Today, I'd like to conduct various benchmarks using Qiskit + cuQuantum. Given that cuQuantum is free, one would expect more articles about it. However, there aren't many, probably due to the niche nature of the quantum computing industry.
First, regarding the installation, you'll set up the cuQuantum in a conda environment and then install cuQuantum and cuQuantum Python. For Qiskit, you can install qiskit-aer and qiskit-aer-gpu using pip.
I am using some references
https://medium.com/qiskit/improve-quantum-simulations-with-qiskit-aer-cuquantum-9cd4bf69f042
from qiskit import *
from qiskit.circuit.library import *
from qiskit_aer import *
import time
import numpy as np
import matplotlib.pyplot as plt
def exp_qv(qubits=15, depth=10, device_num=0):
if device_num ==0:
sim = AerSimulator(method='statevector', device='CPU')
elif device_num == 1:
sim = AerSimulator(method='statevector', device='GPU')
else:
sim = AerSimulator(method='statevector', device='GPU', cuStateVec_enable=True)

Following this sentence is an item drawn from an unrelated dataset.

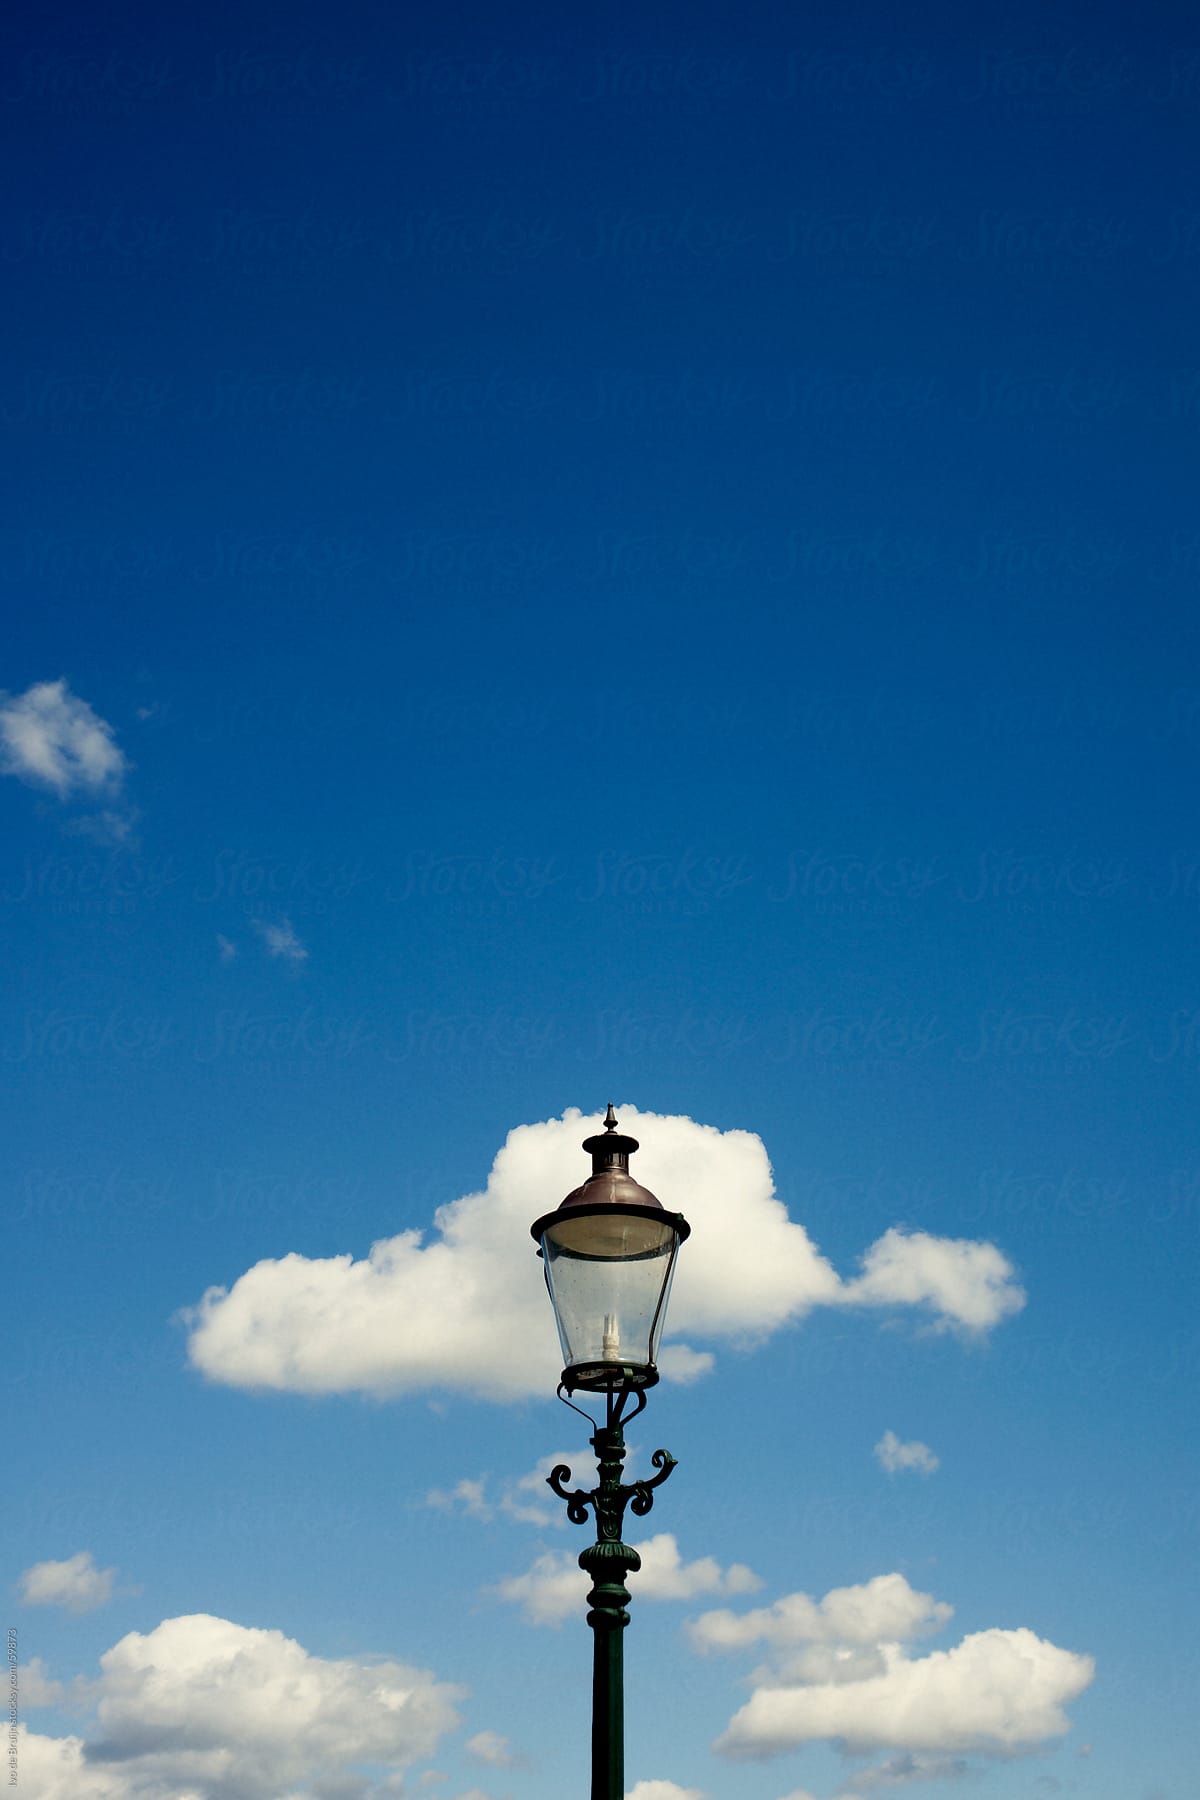 A classic lantern with a bright blue sky with some clouds
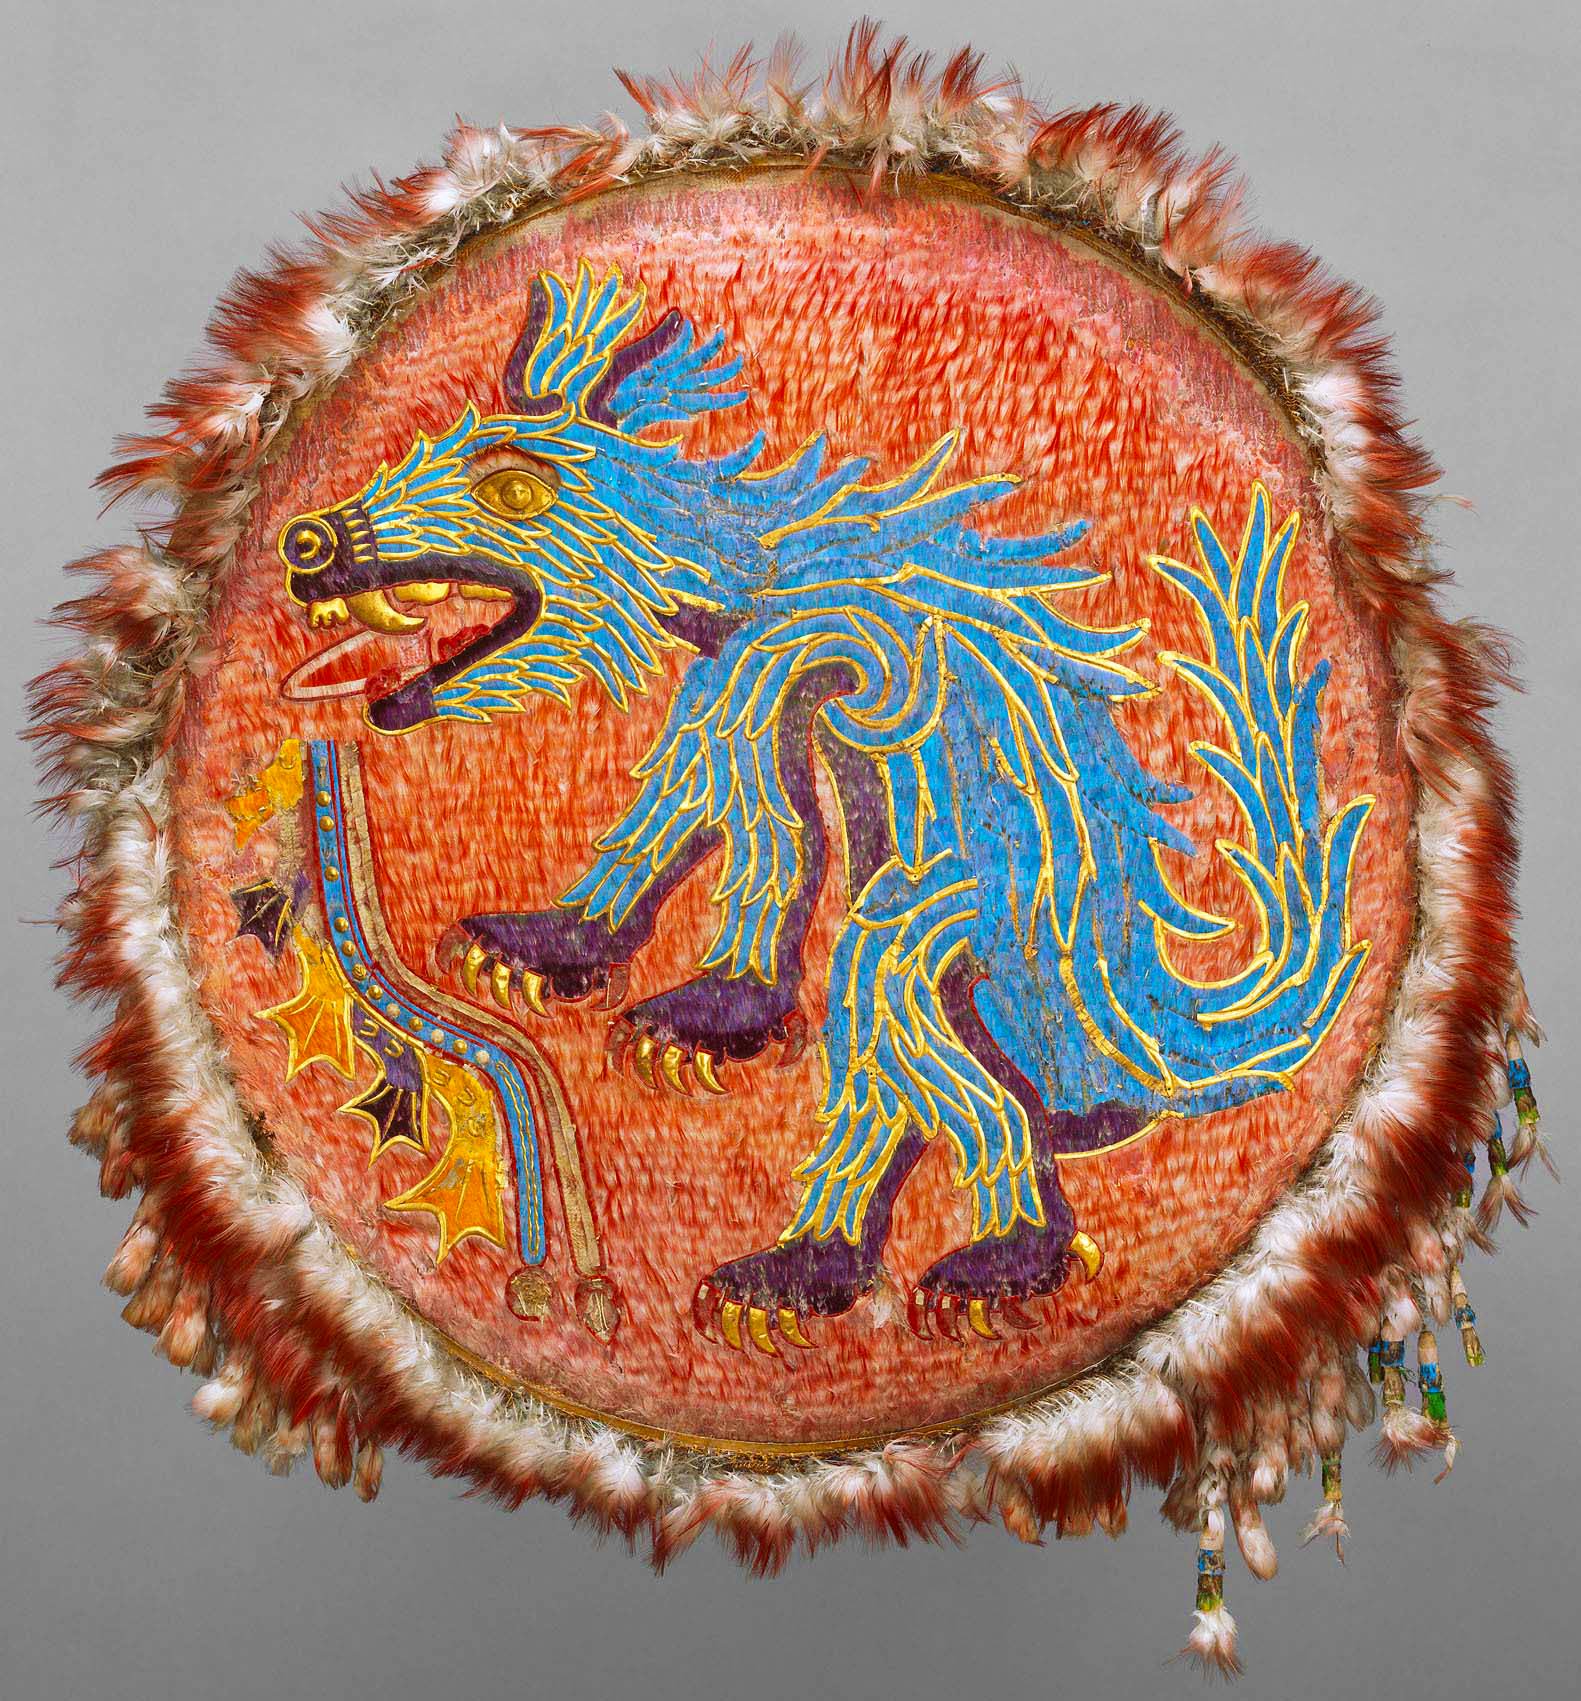 A vibrant and intricately detailed shield showcasing the image of Ahuizotl, an Aztec mythological creature. The creature, predominantly painted in bright blue, exhibits fierce features such as large, sharp claws, a snarling face with prominent fangs, and a distinct curling tail ending with a hand. The background of the shield displays a vivid orange-red texture, imitating fur or feathers, enhancing the contrast with the blue figure. The shield's perimeter is bordered with a layer of fluffy, light-colored feathers, which adds a tactile dimension to the artifact. Dangling from the bottom edge of the shield are several small adornments or talismans, adding depth and movement.

circuit = QuantumVolume(qubits, depth, seed=0)
circuit.measure_all()
circuit = transpile(circuit, sim)
start = time.time()
result = sim.run(circuit, shots=1, seed_simulator=12345).result()
time_val = time.time() - start
return time_val
First, we will compare the CPU, GPU, and cuQuantum's cuStateVec. We'll run the same problem on different configurations.
1. We will use the CPU. It's the Intel Core i9 13900KF, which is fairly high-performance.
2. We will use the GPU, leveraging acceleration from IBM's program.
3. We will use the GPU, but with acceleration using NVIDIA's program, cuStateVec.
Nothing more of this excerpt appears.